The Great Democratic Reboot: Why I’m Underwhelmed

So the Great Democratic Reboot was rolled out today. Let me express why I am underwhelmed.

First Mistake. The Reboot was announced with an op ed by Nancy Pelosi in the Washington Post and an op ed by Chuck Schumer in the New York Times.  The CNN story has a photo of Schumer and Pelosi together. I’m not seeing it in many other places.

This would have been a nice time to put some other faces forward, especially faces from Rust Belt or other states that aren’t already solid blue. Sen. Sherrod Brown of Ohio might have been a good choice.  Or how about Al Franken of Minnesota? He’s great on the teevee. I was looking at a list of Democratic senators and realized there are several I’ve never heard speak, ever. Same thing with the House Dems. Isn’t in time for the old guard to let some of the younger people be The Face of the Party?

Instead, we get the same old faces who have spoken for the party since Reconstruction — a senator from New York and a congresswoman from San Francisco. And the Dems need to realize that in red country, people especially hate Pelosi. I acknowledge that isn’t fair to Pelosi, but it is what it is. If you want to reach voters who are not loyal Democrats already, don’t put Pelosi’s face on the message.

Second Mistake. The messengers probably won’t matter, however, because the news is focused on Jared Kushner’s testimony to the Senate investigators today. The Reboot will come and go with most of the nation not noticing.

Third Mistake. The Rollout features three main ideas: One, the Dems commit to creating 10 million full-time, good-paying jobs in the next five years, or I assume in whatever five-year period follows implementation of the Democratic plan to do this. Two, Dems will fight monopolies and big corporate mergers. Three, they pledge to lower the cost of prescription drugs.

Excuse me while I yawn. If you have trouble falling asleep, skip the Ambien and just read the Great Democratic Reboot to yourself. It’s non habit forming, I promise.

Now, I’m not saying these are not worthy goals; of course, they are. But to working-class folks this is going to come across as more blah blah blah.

Jeff Stein wrote at Vox:

Not everyone will be thrilled with this strategy. Centrists in the party may worry that this tactic risks making Democrats look like far-left ideologues, and argue that the party lost last fall because its leader was already seen as too far to the left for most voters.

That anyone would consider those three points to be “far left” tells you how out to lunch too many Democrats are.

And those closer to the Bernie Sanders (I-VT) wing of the party will charge that Democrats have still done little to shake their ties to elite donors and should much more firmly embrace universal programs, like a single-payer health care model and free college tuition for all.

I wrote last week why I thought Democrats ought to be making all the noise they can about health care right now. Another shovel-ready issue Dems ought to be talking about is infrastructure.  The Reboot plan does mention infrastructure, but IMO it should be more prominent.

The U.S. is sitting on a $4 trillion infrastructure time bomb, the BBC says, as our roads and bridges and dams and tunnels and the power grid and airports and public transportation systems rot from underfunding and neglect.

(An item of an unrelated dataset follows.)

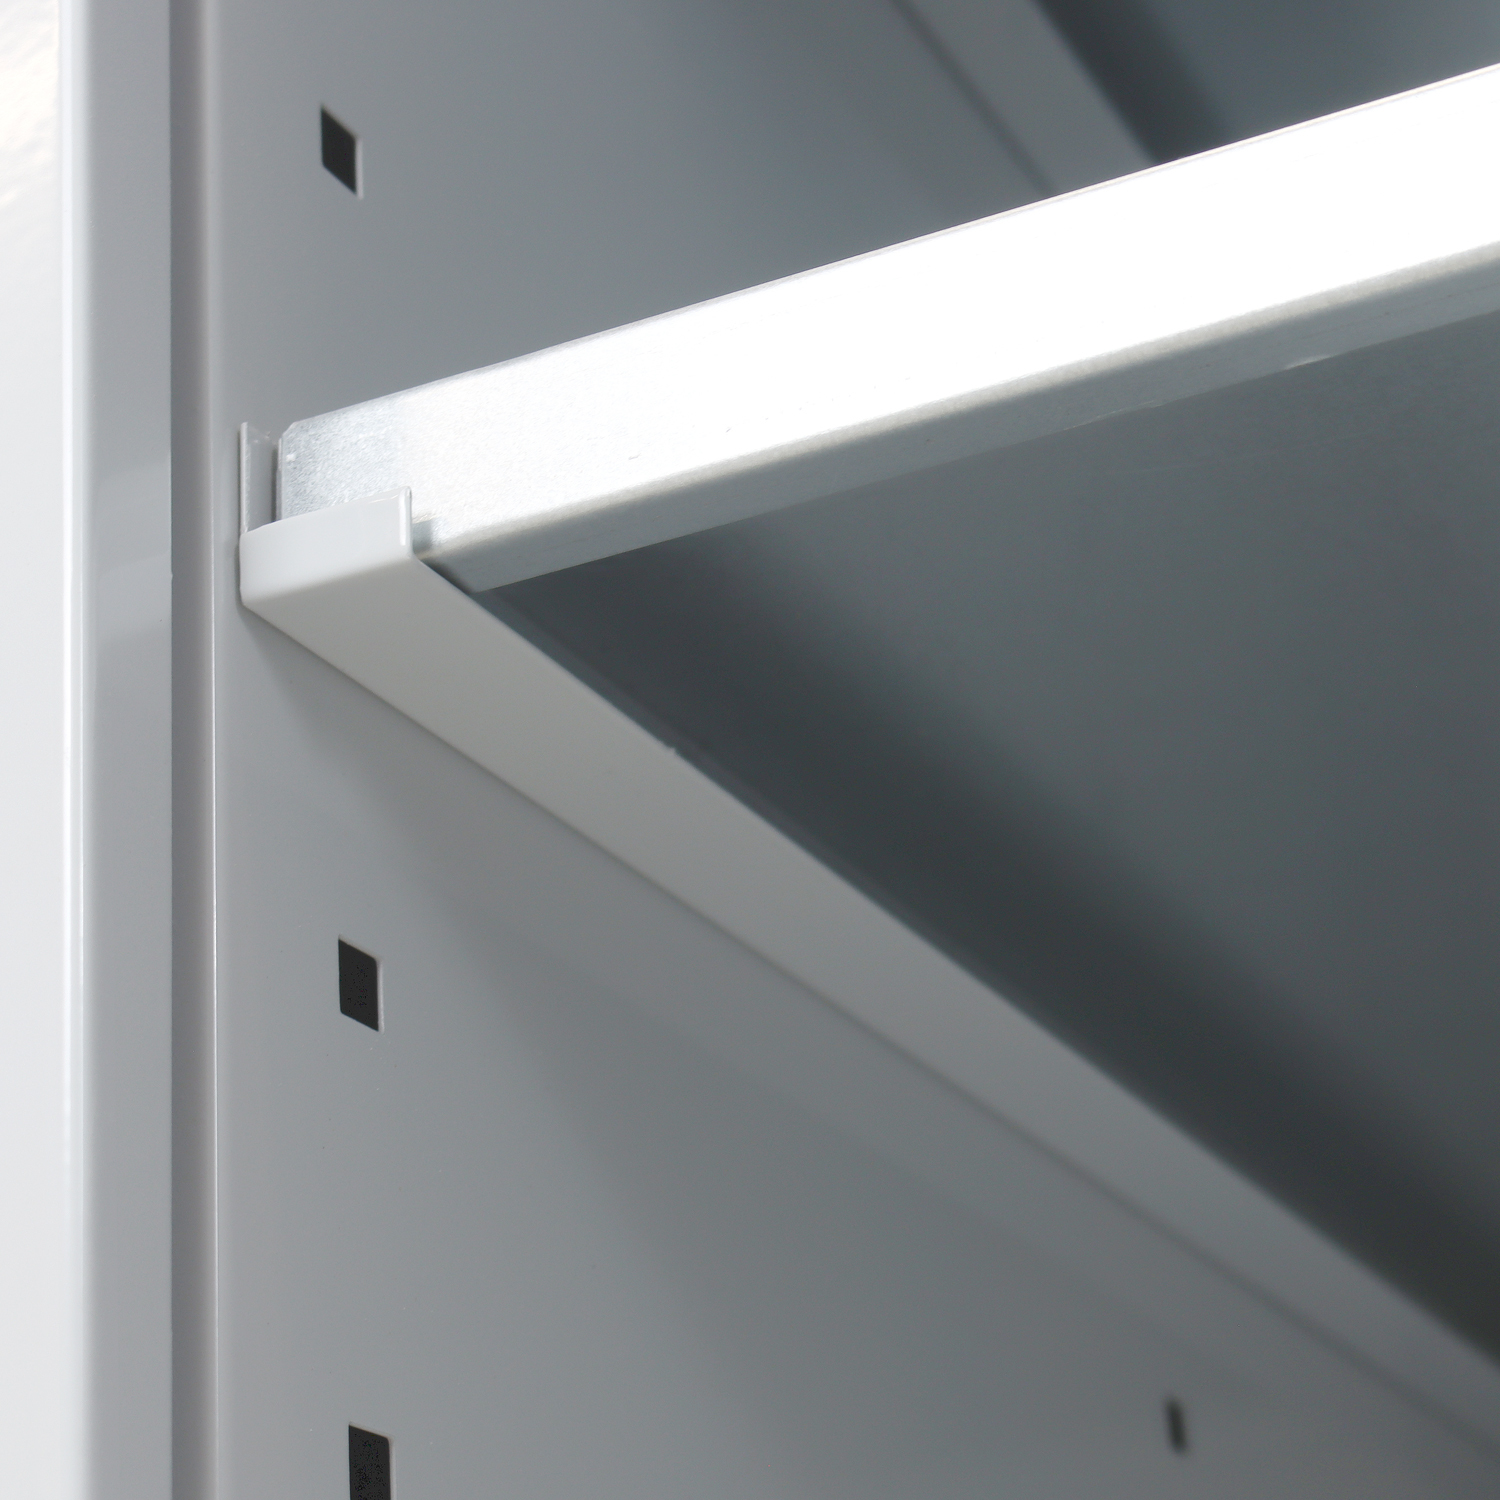 Stahlblechschrank mit Tür und 2 Fachböden für Werkbank Rhino| HxBxT 80x53x70cm | Traglast 50kg | Lichtgrau/Lichtblau

Why aren’t we putting the nation to work fixing this stuff? This is something tangible and understandable; vague bleats about jobs in a generic sense comes across as empty promises.

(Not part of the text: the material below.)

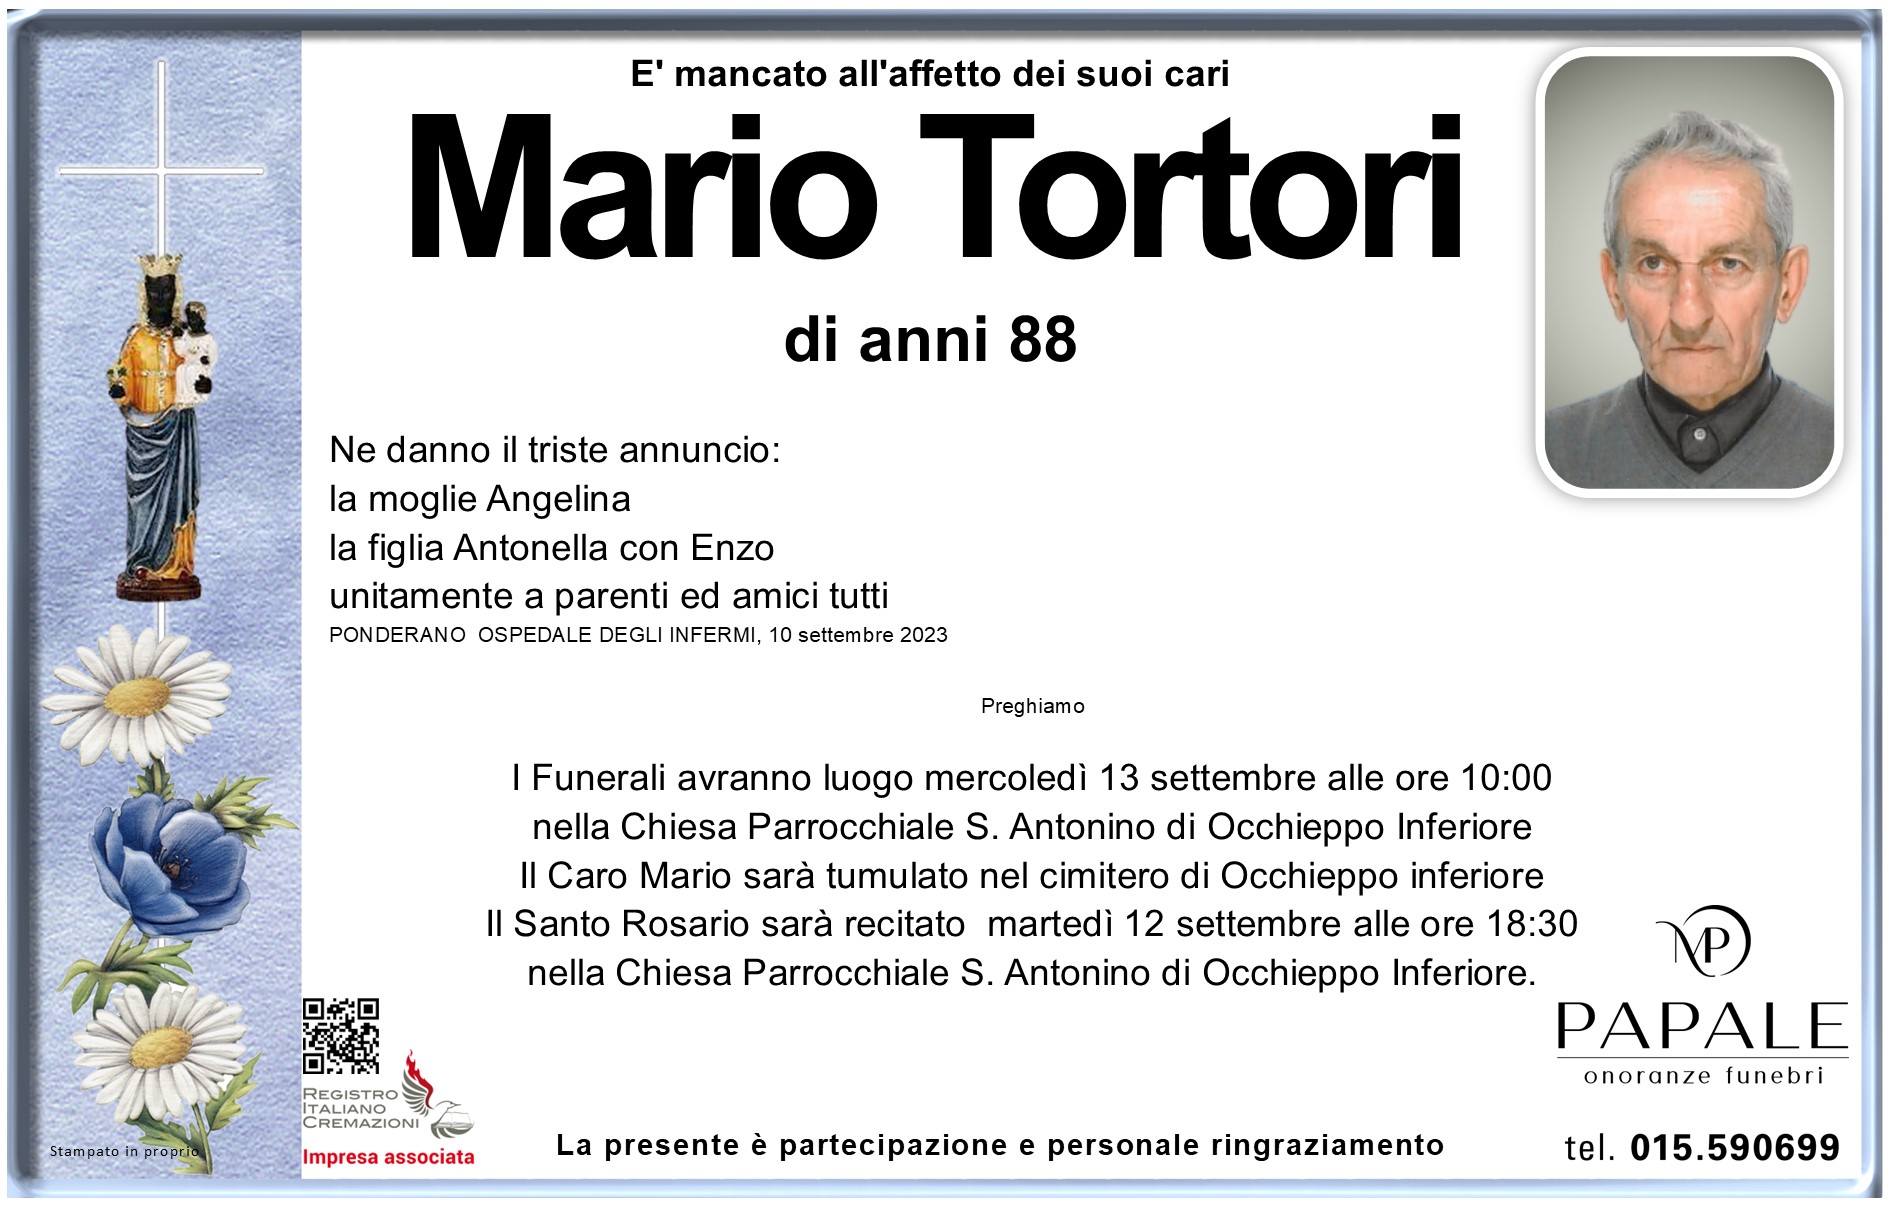 Onoranze Funebri Papale - Necrologi - Necrologio di Mario Tortori

Democrats may think they already tried to sell that idea back in 2009, but most people here in red state land heard little about it except that it would cost a lot of money. The big block to the plan, of course, is that it would be a big outlay of tax dollars (although once the bridges have collapsed and the roads are no longer drivable, we’ll end up spending more to rebuild them).  Donald Trump promised an infrastructure plan, but what little he ever trotted out amounted to tax incentives to private companies to fix infrastructure, which frankly makes no sense to me.

Other criticisms I’ve heard about an infrastructure plan is that the nation is short of skilled workers to carry it out. Okay, so train them. Also, all this rebuilding would take many years. Sounds like a feature, not a bug.

Back to health care — it’s criminal that the Dems don’t mention health care in their plans except for prescription drug prices.  And I had read they were going to endorse a $15 / hour minimum wage, but neither Schumer nor Pelosi mentioned that. Cold feet?

There are a lot of other policies I’d like to have seen, like maybe a pledge that next time the financial sector crashes the economy, people will be prosecuted for it. But IMO it’s more effective to pick one or two tangible programs to sell to people than a laundry list of vague intentions.

If Democrats think that just injecting some buzz about a rigged economy into their rhetoric is going win people over — especially with the same old faces delivering the message — I don’t think so.  And they’re going to have to get bolder, and more specific, and be willing to point out Republican failures in starker terms.